TASK DIRECTIONS - Only a verbatim restatement of the lines from the one with "センチュリー、USB-C/A接続の2.5GbE対応LANアダプターを発売" through the end of the listing below is wanted. Pictures should be left out.

EXERCISE DATA -
:::::
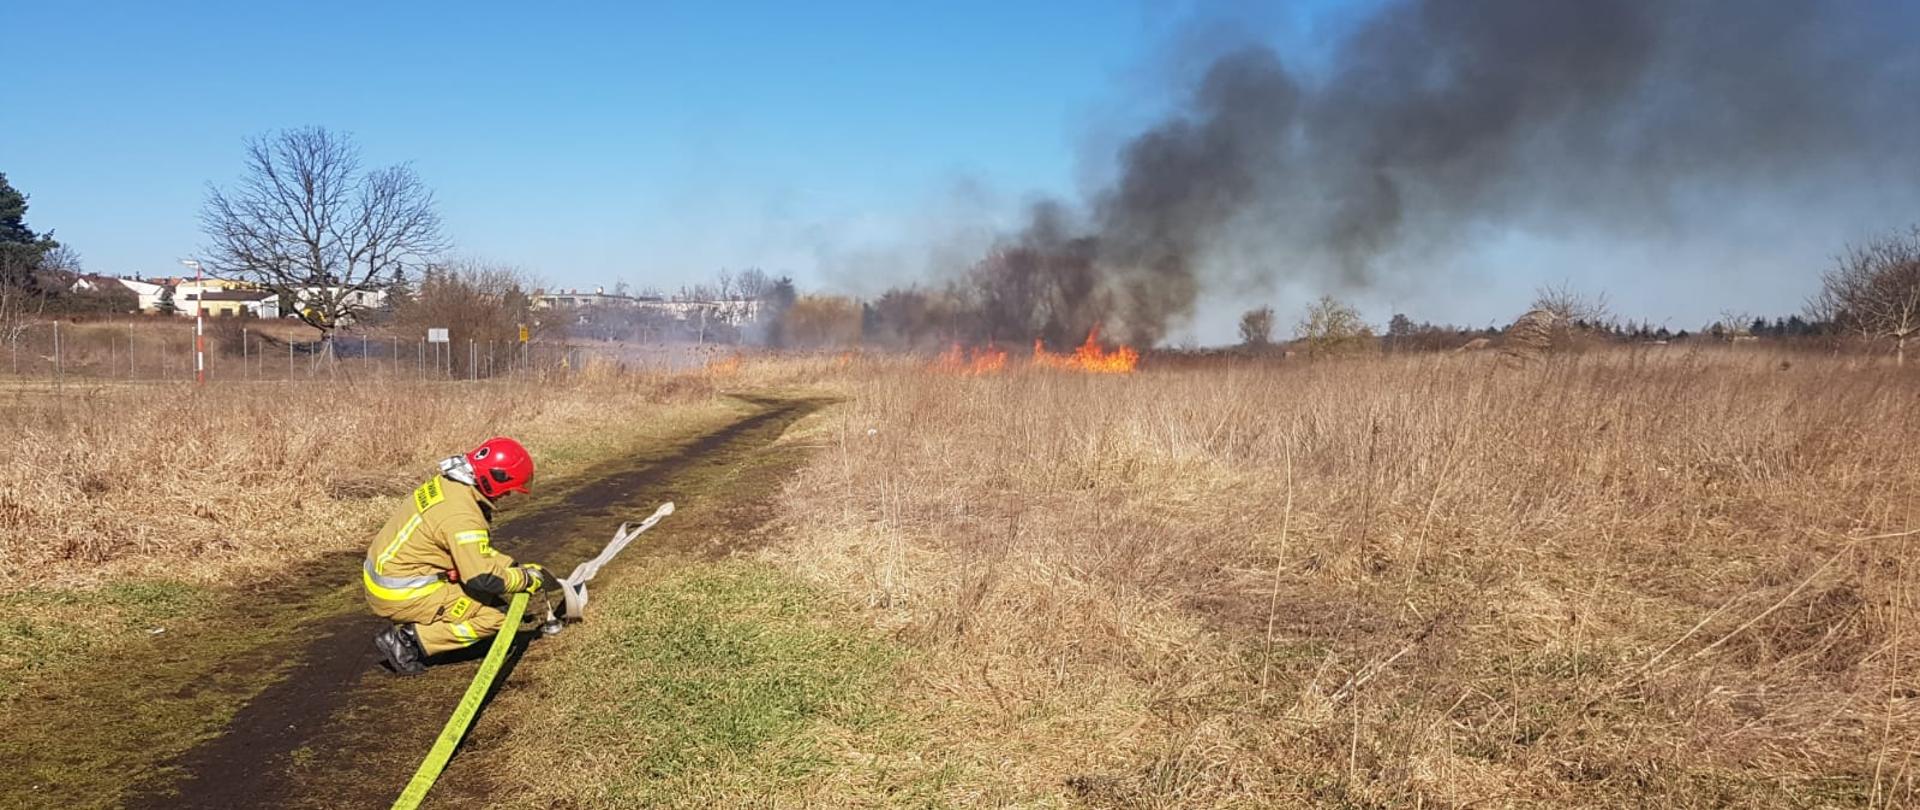 Na zdjęciu widzimy palące się trawy oraz strażaka rozwijającego linię gaśniczą
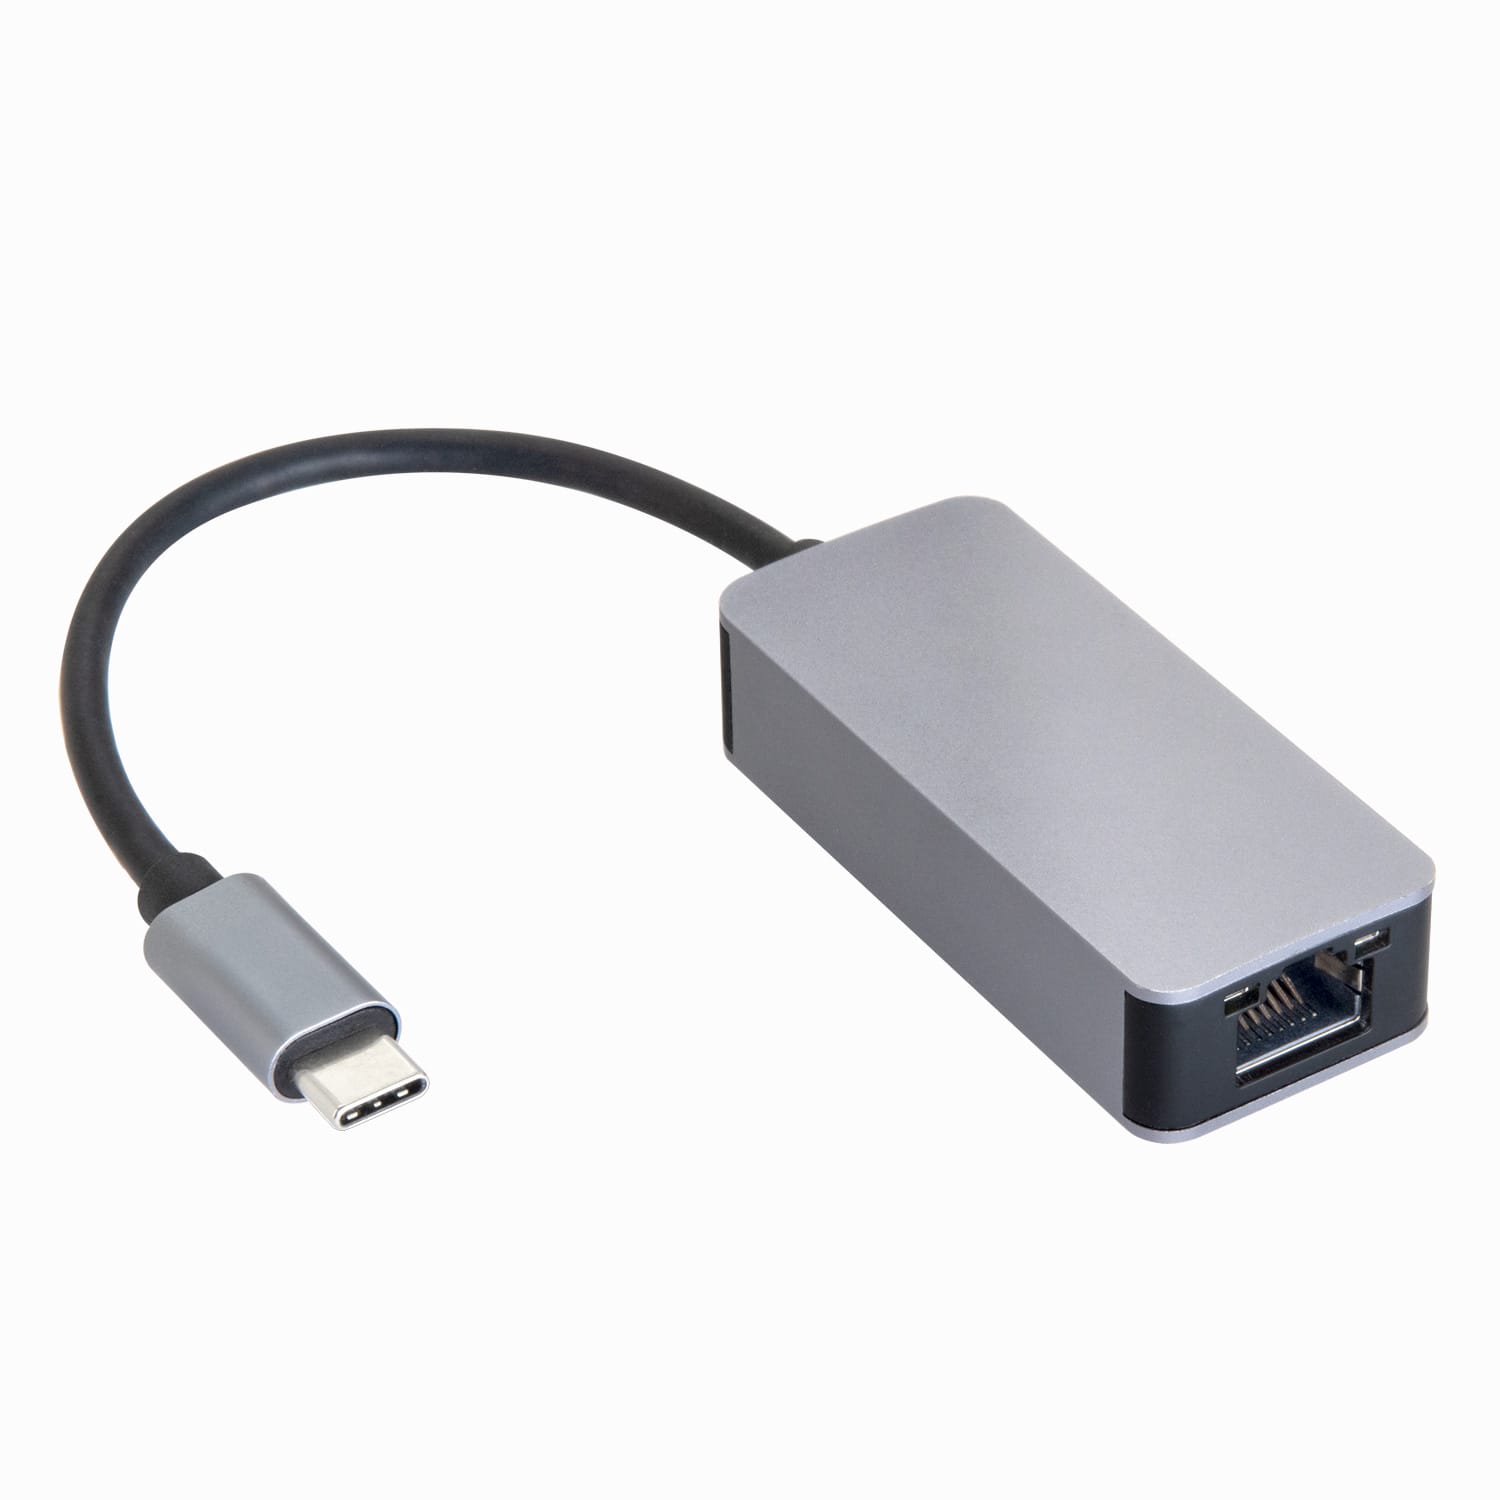 センチュリー、USB-C/A接続の2.5GbE対応LANアダプターを発売
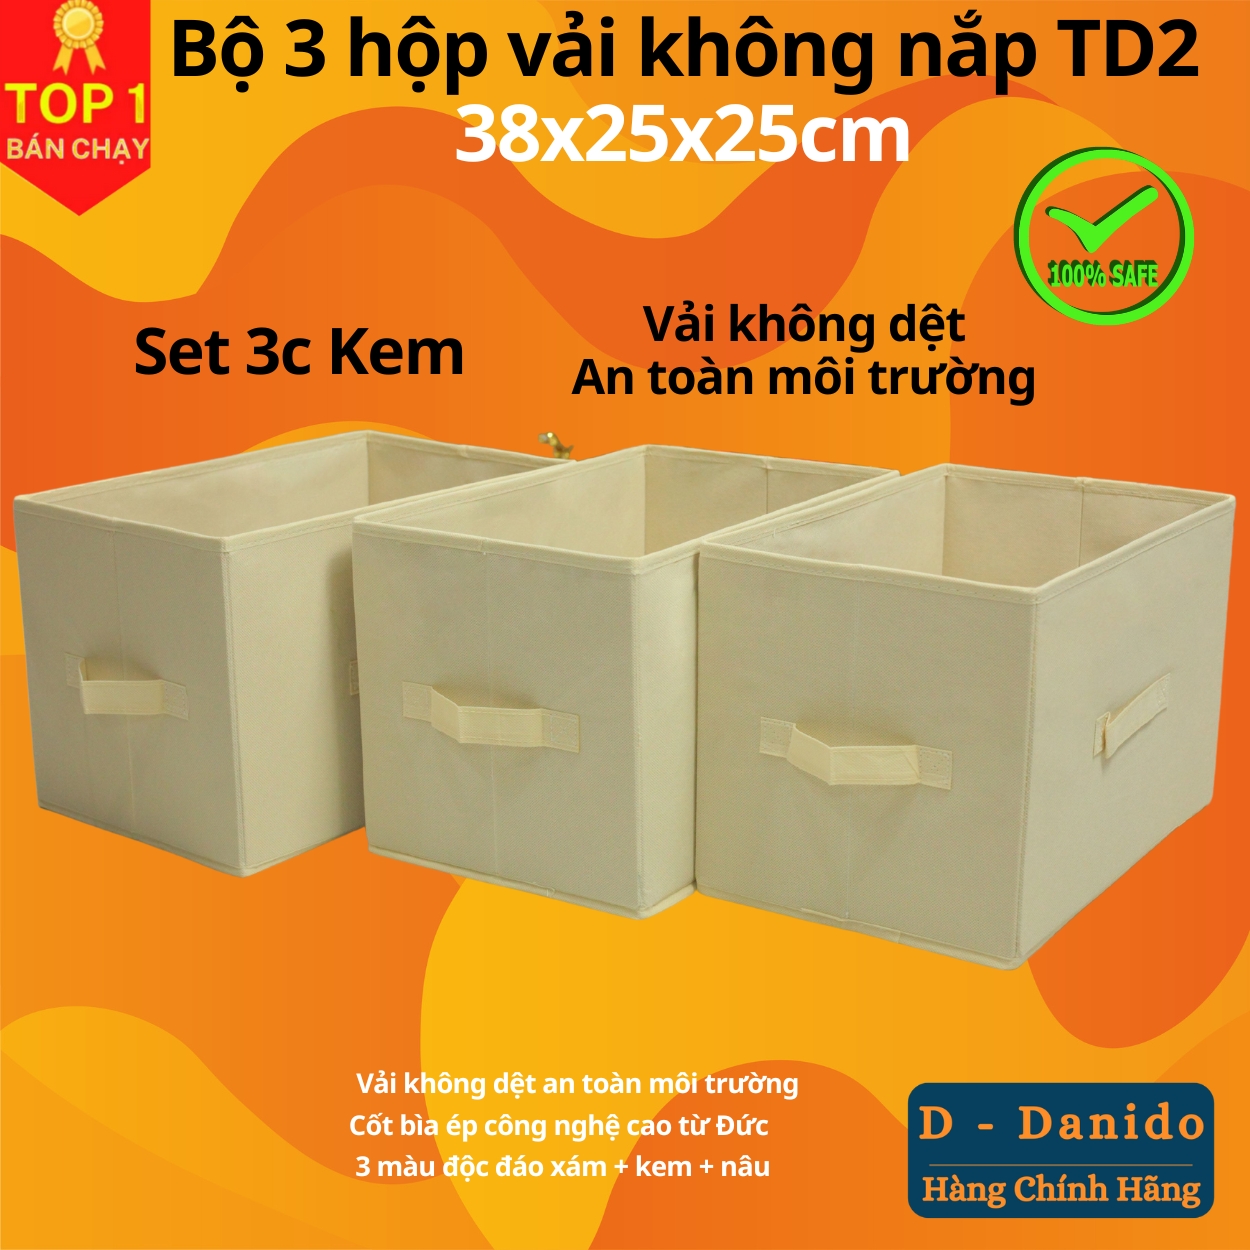 Combo 3 hộp vải đựng đồ đa năng TD2 – Bộ 3 túi vải Thụy Điển không nắp tiết kiệm sang trọng dung tích 24L mỗi hộp - chính hãng miDoctor
:::::
ANSWER TO THE PROBLEM -
 センチュリー、USB-C/A接続の2.5GbE対応LANアダプターを発売
 Combo 3 hộp vải đựng đồ đa năng TD2 – Bộ 3 túi vải Thụy Điển không nắp tiết kiệm sang trọng dung tích 24L mỗi hộp - chính hãng miDoctor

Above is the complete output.